The New DOL Fiduciary Rule: What You Need to Know Event Recap

071216_Meeting_webOn Tuesday, July 12 the topic of the FSP Milwaukee Chapter membership meeting was on the new DOL Fiduciary Rule. The meeting was sponsored by Husch Blackwell (formerly Whyte Hirschboeck Dudek S.C.) and presented by Attorneys David Eckhardt and Myriem Bennani. Below is a summary of the event by FSP Milwaukee Chapter President-Elect Kelly Dancy, Esq. – Walny Legal Group LLC.
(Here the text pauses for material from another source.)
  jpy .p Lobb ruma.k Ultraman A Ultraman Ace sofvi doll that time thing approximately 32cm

The new fiduciary rule introduced by the Department of Labor (DOL) seeks to make changes when it comes to giving out retirement investment advice. One of these changes seeks to create a broader definition of the term “fiduciary” by not only eliminating the old 5-part test, but also revising the nature of what constitutes investment advice. No longer does the advice have to be on a regular basis, nor does there need to be a mutual understanding between the parties. Also under the new rule, investment advice no longer needs to be individualized based on the particular needs of the client, nor serve as the primary basis for investment decisions. The DOL also seeks to add to a fiduciary’s core duties, outlined by the Employee Retirement Income Security Act (ERISA), by including that the plan participant pays only reasonable plan expenses, and requiring advisors to address any conflicts of interest. By broadening the definition of a fiduciary, those who were previously exempt, such as, brokers, registered investment advisors, and insurance agents, may now have to acknowledge themselves as fiduciaries, thus forcing them to adopt the fiduciary standard of putting the client’s best interests first, as well as, possibly having to restructure any fees they may charge the participant.
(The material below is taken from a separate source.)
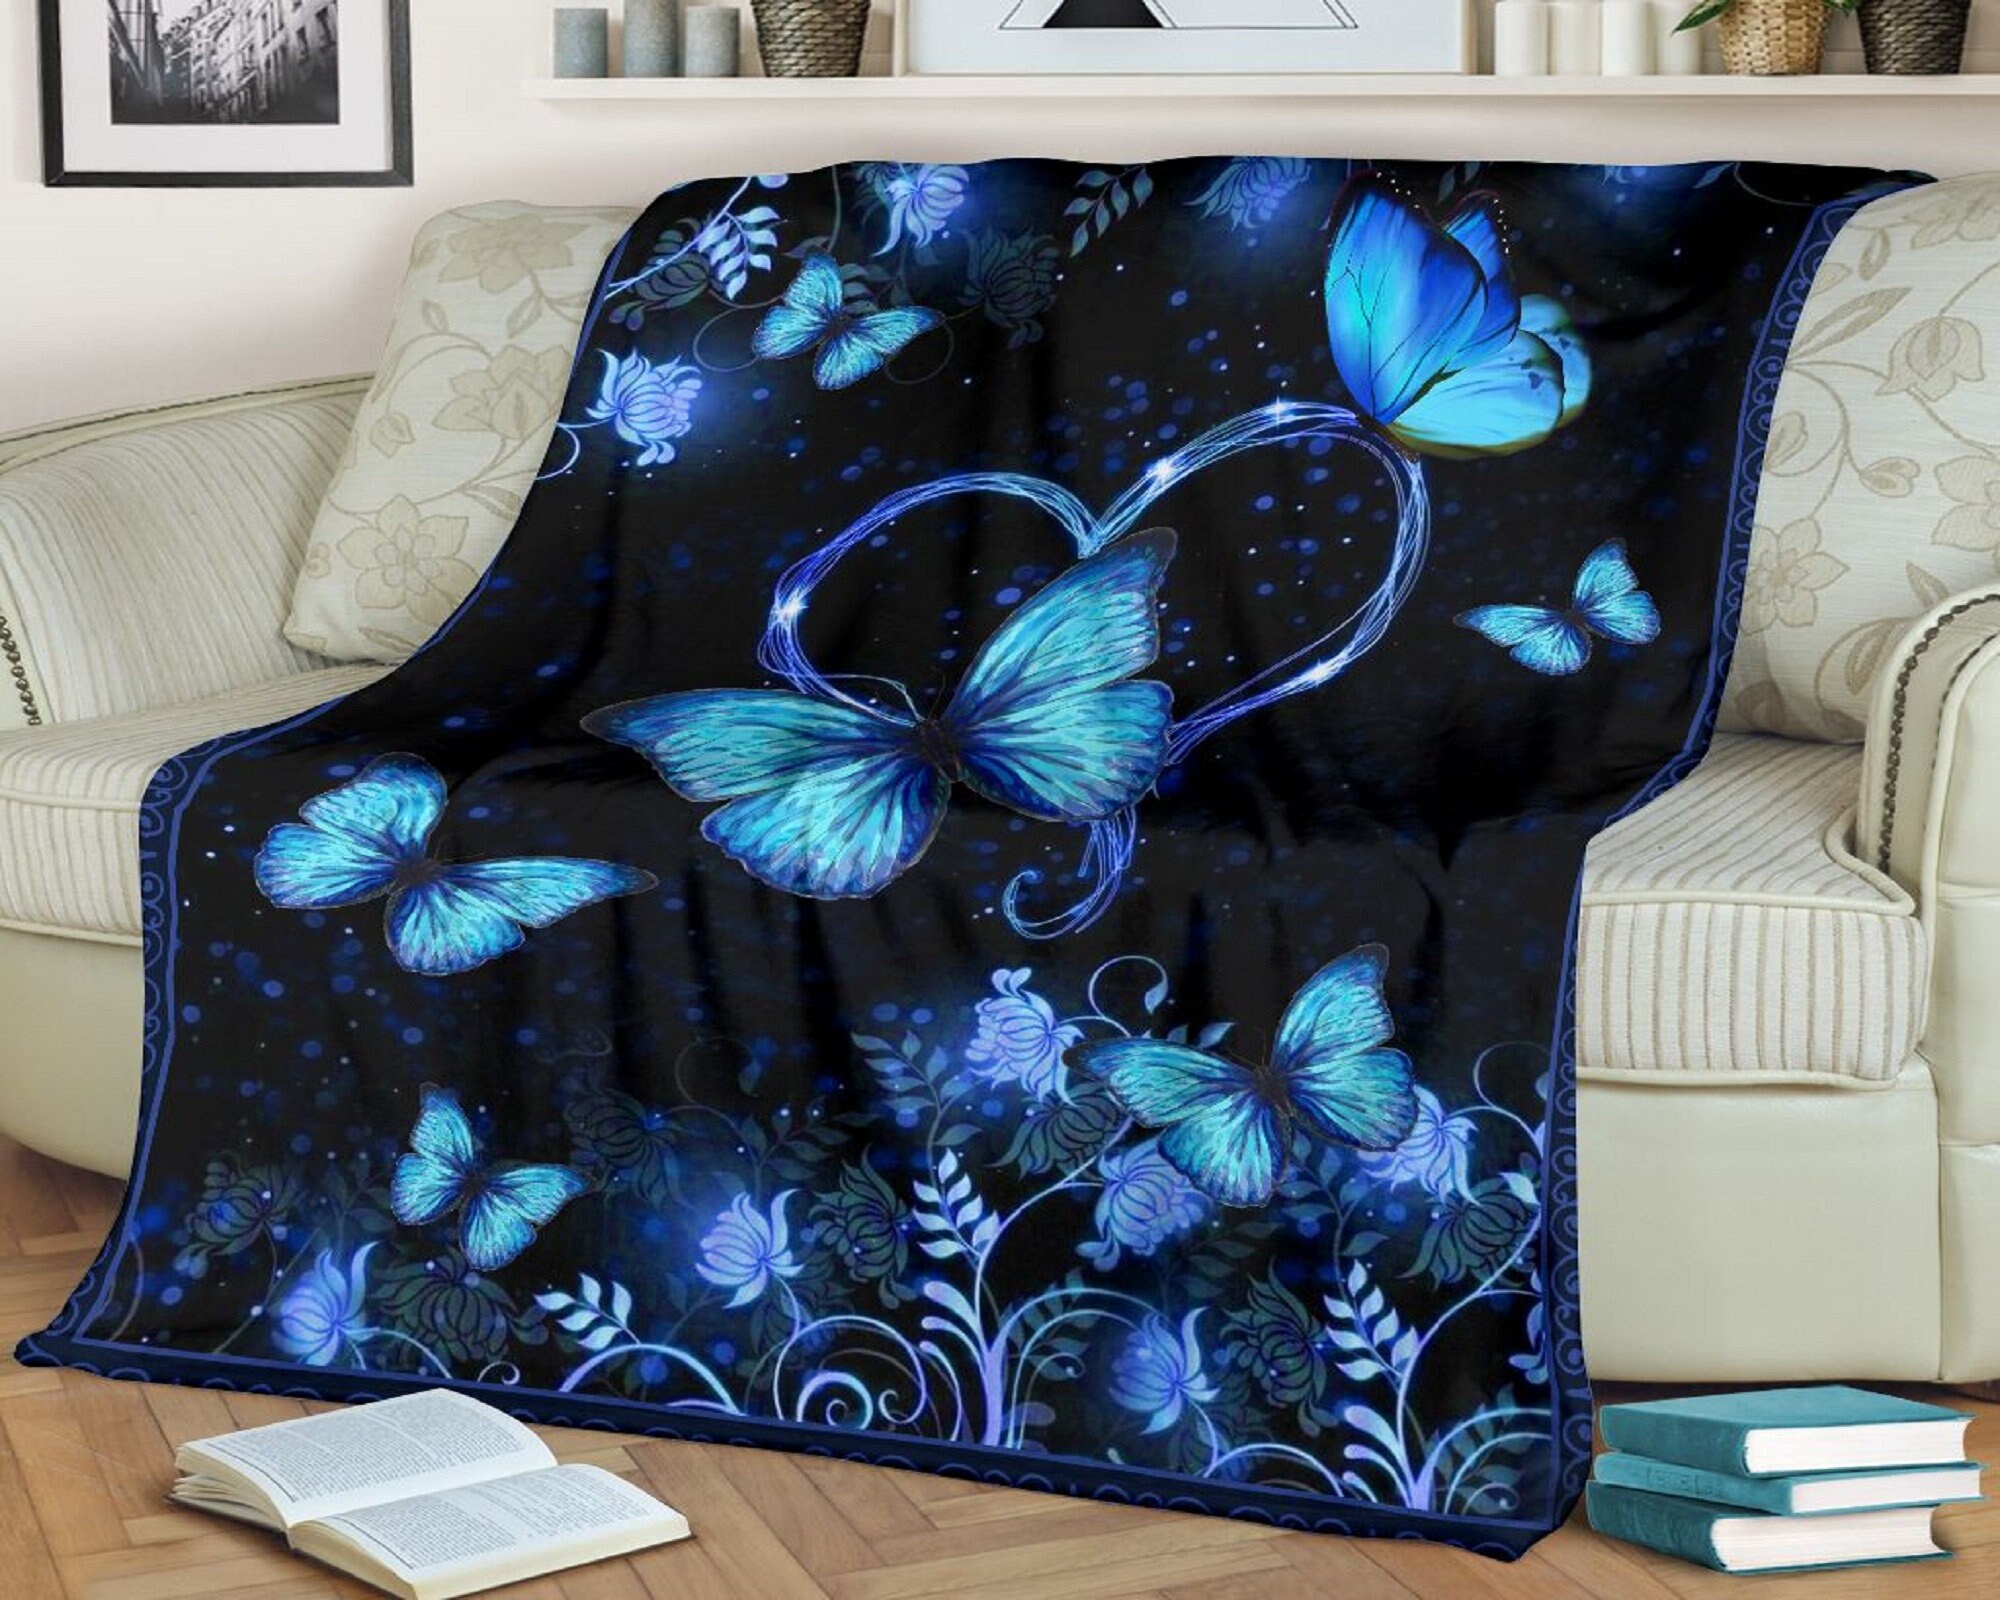 Butterfly flower blanket | Etsy

If an advisor is a fiduciary, it is important to understand the roles and responsibilities that follow that designation and as well as what steps to take to comply with the new rules. A fiduciary advisor should identify all products and services sold to plans and IRAs, confirm that his or her firm has sufficient governing processes in place, identify all instances of variable compensation, develop compliance strategies, and provide training on the new fiduciary standard. It will also become necessary to document the process of selecting investments as well as monitoring those investments. Advisors should hold regular meetings with clients, so as to keep them informed and allow the client to make informed decisions when it comes to his or her investments.  Advisors should also review their fee structure and determine whether or not the fees they charge are reasonable. If prior to being classified as a fiduciary, the advisor was receiving commissions, the advisor would need to qualify under an exemption to receive compensation. For most advisors, the Best Interest Contract Exemption (BICE) will be the appropriate exemption, thereby allowing certain advisors to receive such compensation.
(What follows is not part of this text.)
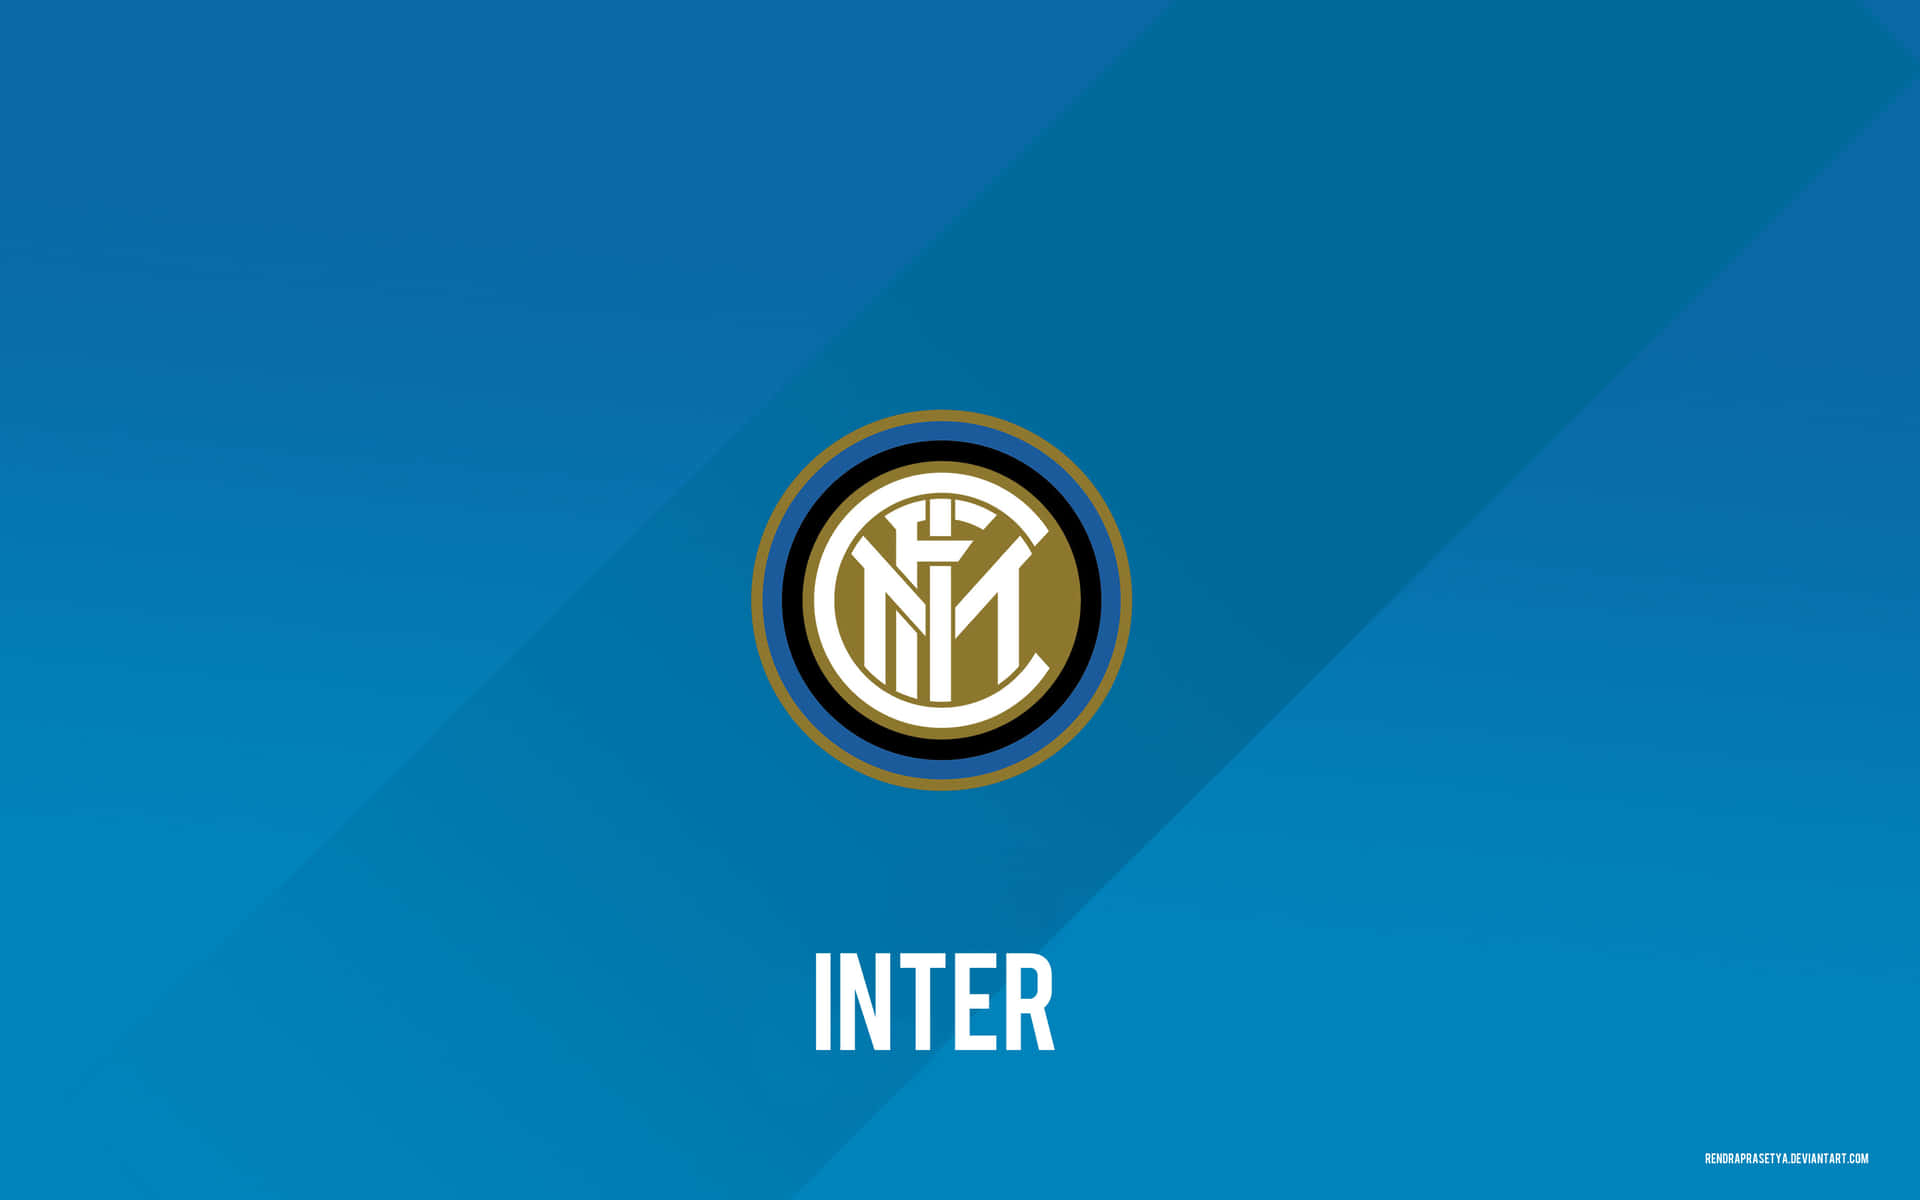 Intermediate Team Club Logo Wallpaper

Adherence to the DOL rules is not required until April 10, 2017. The Department has determined that, in light of the importance of the final rule’s consumer protections and the significance of the continuing monetary harm to retirement investors without the rule’s changes, an applicability date of one year after publication of the final rule in the Federal Register is appropriate and provides adequate time for plans and their affected financial services and other service providers to adjust to the change from non-fiduciary to fiduciary status. However, advisors should begin preparing now for the changes that are forthcoming.